Piermarini most recently founded her own firms "Thinking is Required" (2011) and "Vivezza" (2008) in Dallas, TX.  Thinking is Required, has worked with entrepreneurs, new business start-ups, and global organizations.  The company’s focus is idea generation, developing strategies and implementing techniques in the Retail, Public Relations, Entertainment, Logistics, Customer Service, Print, Consumer Goods and Scientific Industries.

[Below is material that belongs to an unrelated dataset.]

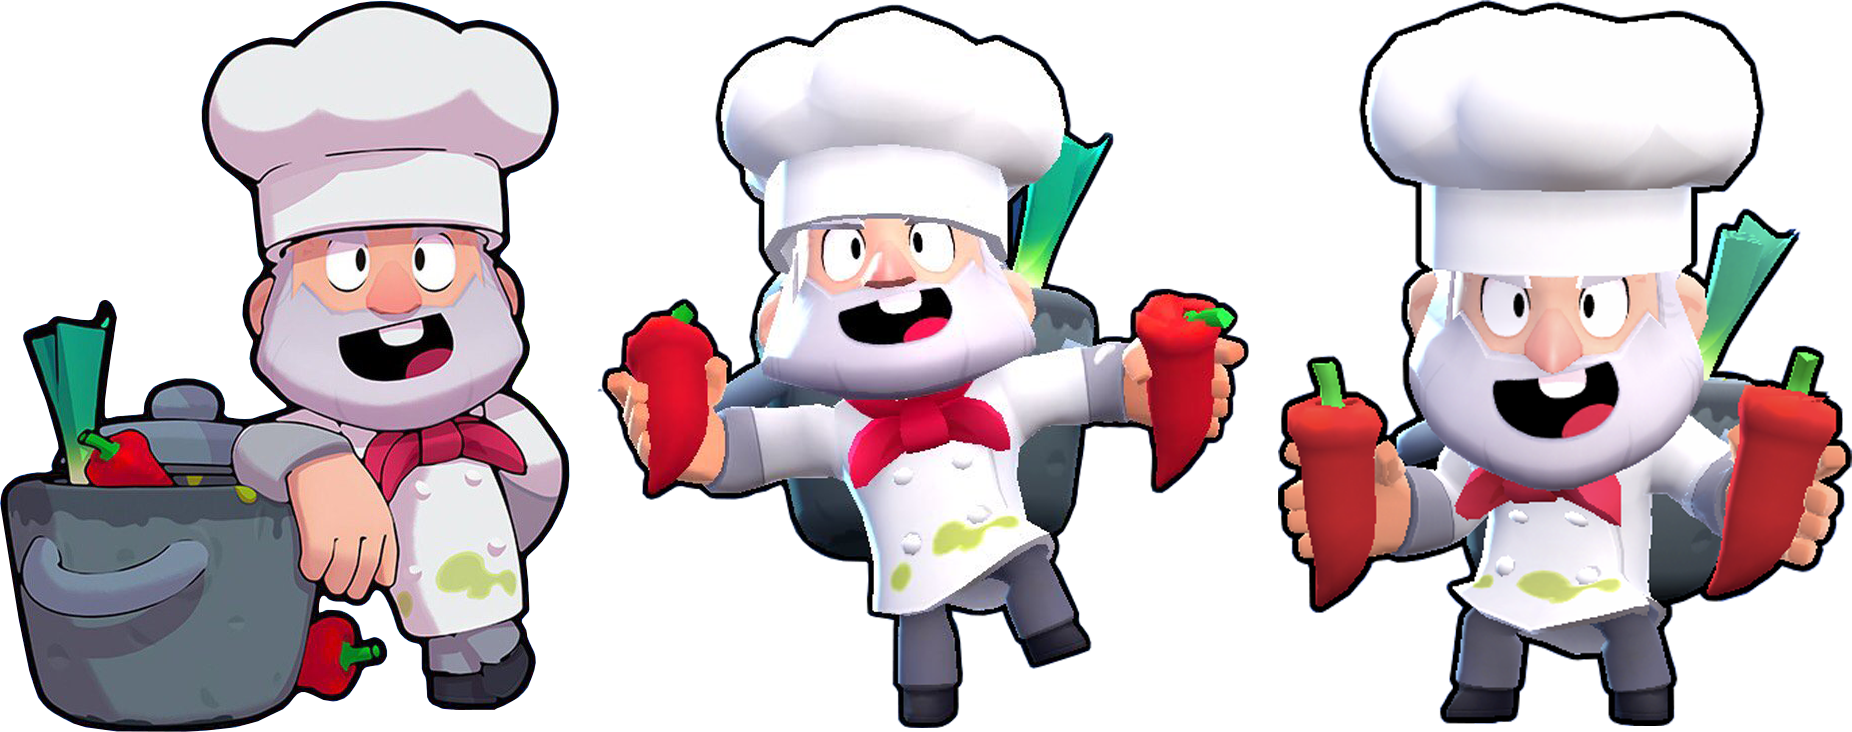 Mike cucina in varie pose

Prior to forming Thinking is Required and Vivezza, Piermarini was Senior Vice President and Chief Administrative Officer (CAO) of Electronic Data Systems (EDS), started in 1962 by H. Ross Perot a $22 billion IT services giant acquired by Hewlett-Packard. She also served as a company officer and member of EDS' Executive Committee, reporting directly to the Chairman and CEO.  Starting in 2007, she served as Chairman of the Board of Directors at ExcellerateHRO, the jointly owned HR outsourcing business of EDS and Towers Perrin.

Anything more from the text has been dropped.